▶ **SOURCE MATERIAL**:
· · ·
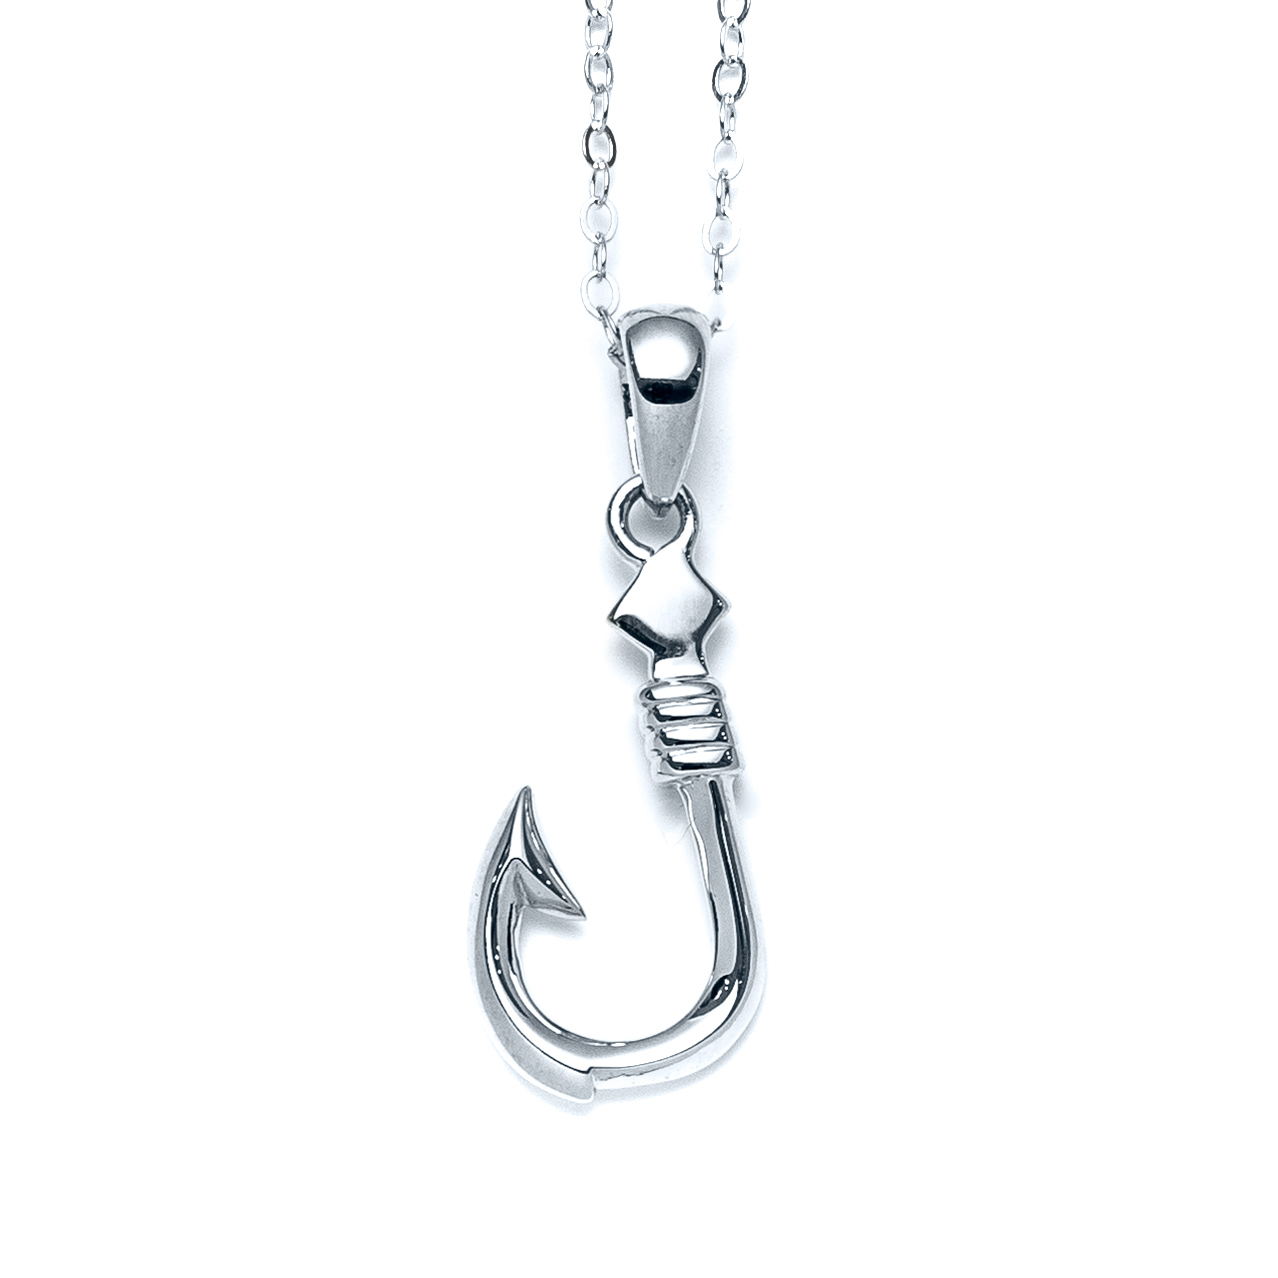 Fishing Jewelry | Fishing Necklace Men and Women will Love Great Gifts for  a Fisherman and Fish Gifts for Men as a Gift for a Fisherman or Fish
· · ·
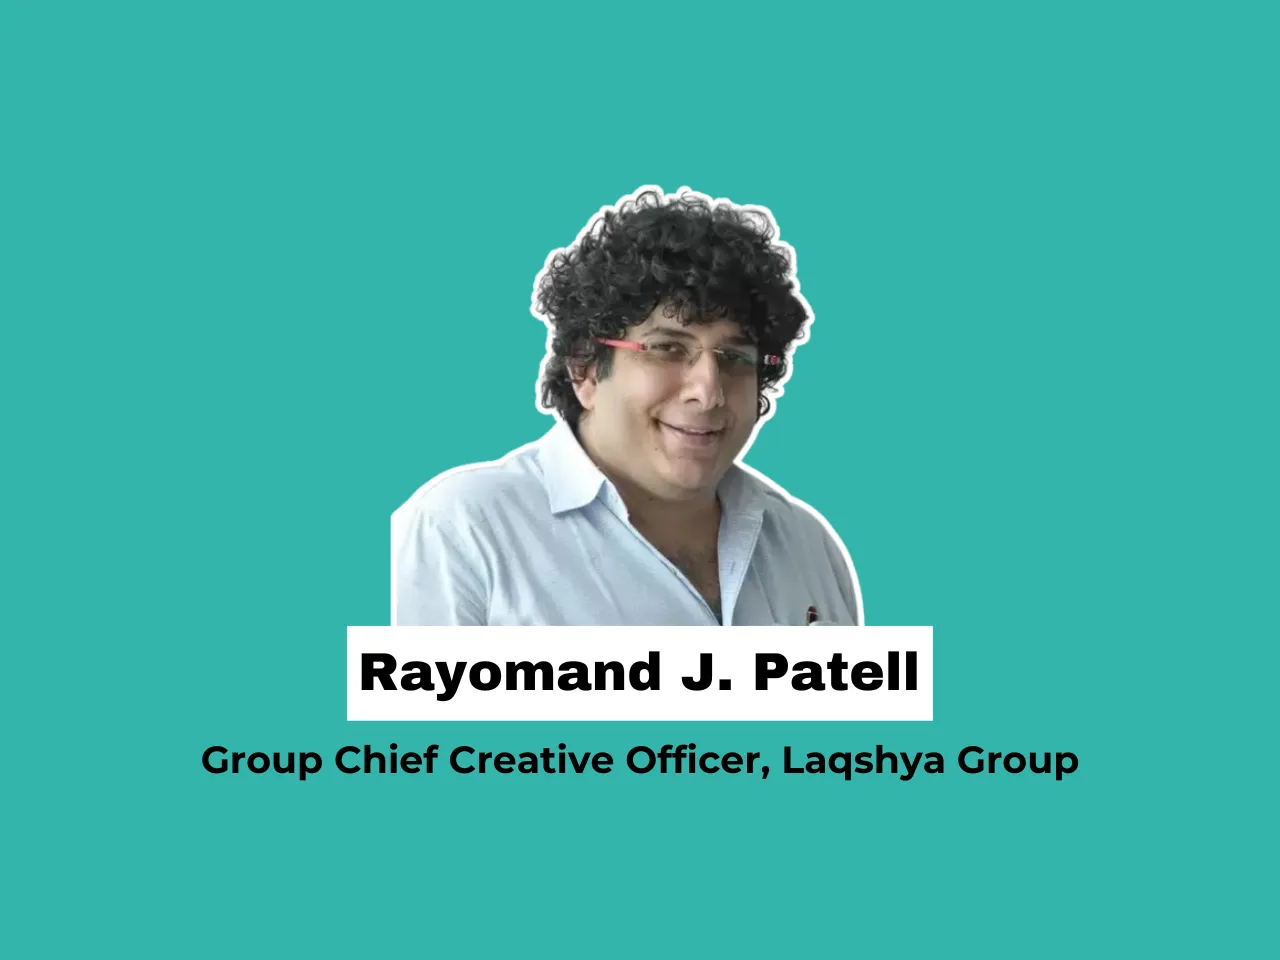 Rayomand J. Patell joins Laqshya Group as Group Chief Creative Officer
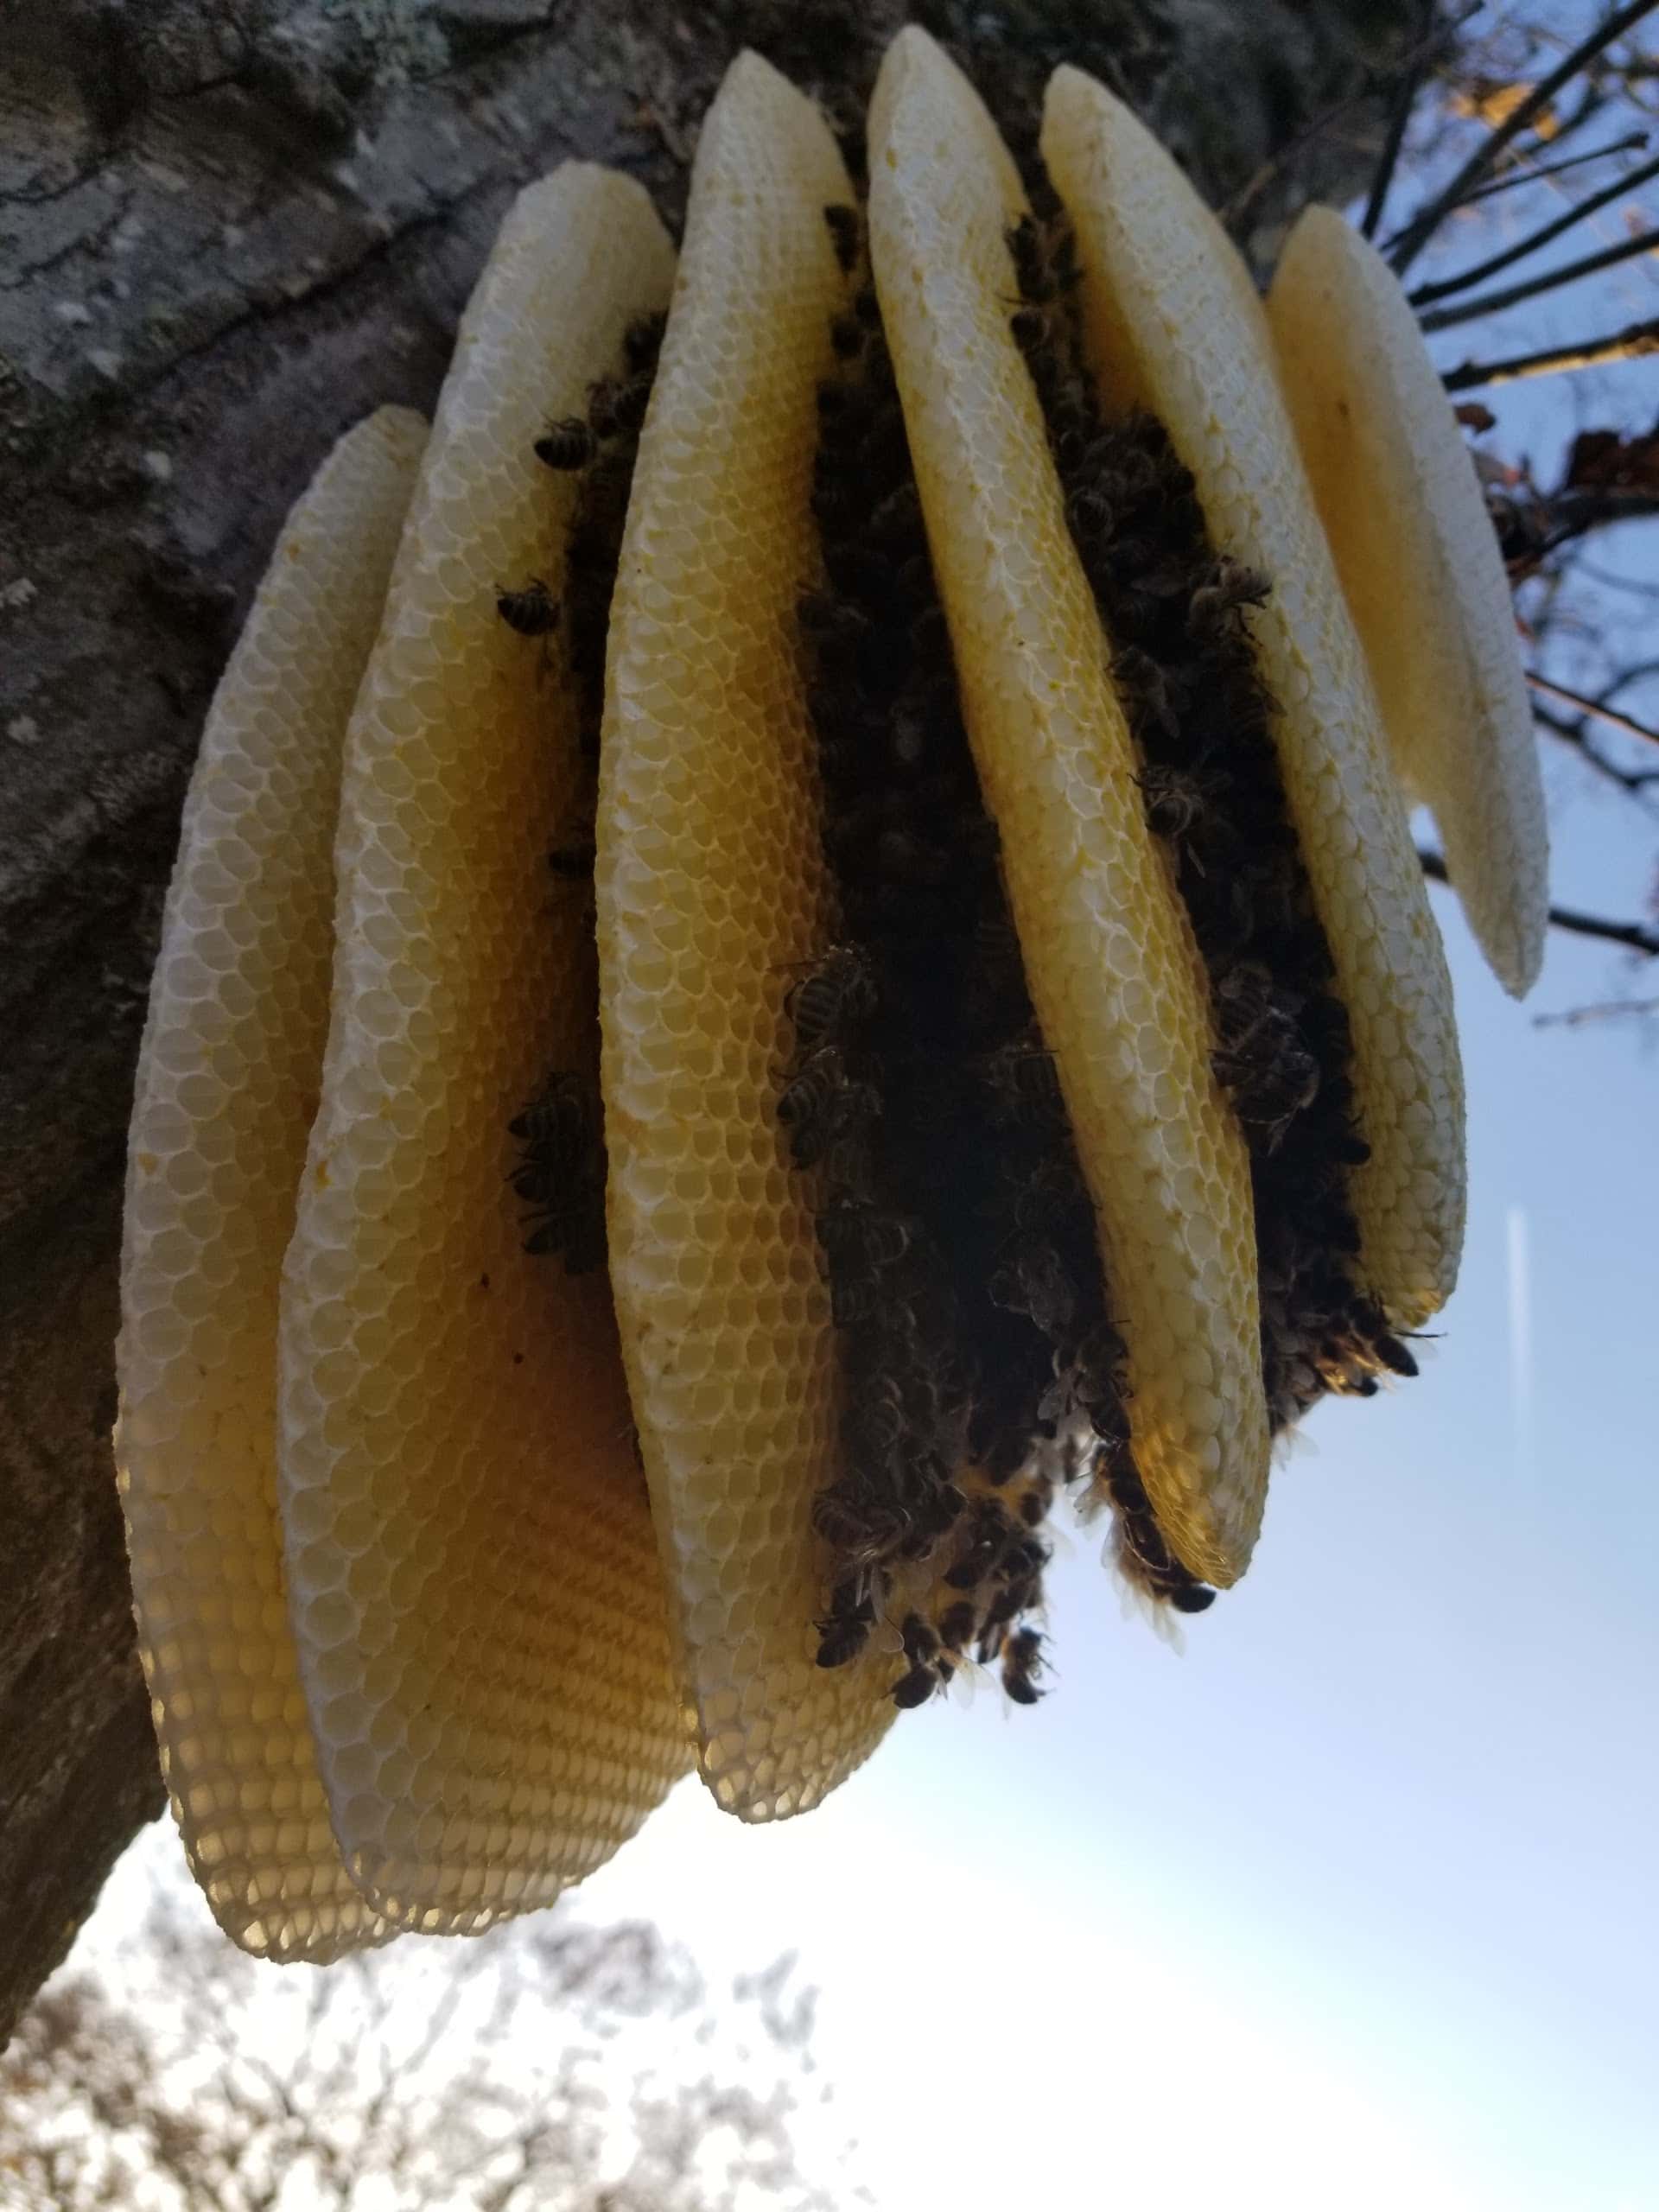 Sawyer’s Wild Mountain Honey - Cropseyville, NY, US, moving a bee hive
· · ·
▶ **TASK REQUIREMENTS**:
Write down exactly what the lines above say, from the line holding "Rayomand J. Patell" through the line holding "Sawyer’s Wild Mountain", and nothing more. Do not copy the pictures.

▶ **YOUR SOLUTION**:
 Rayomand J. Patell joins Laqshya Group as Group Chief Creative Officer
 Sawyer’s Wild Mountain Honey - Cropseyville, NY, US, moving a bee hive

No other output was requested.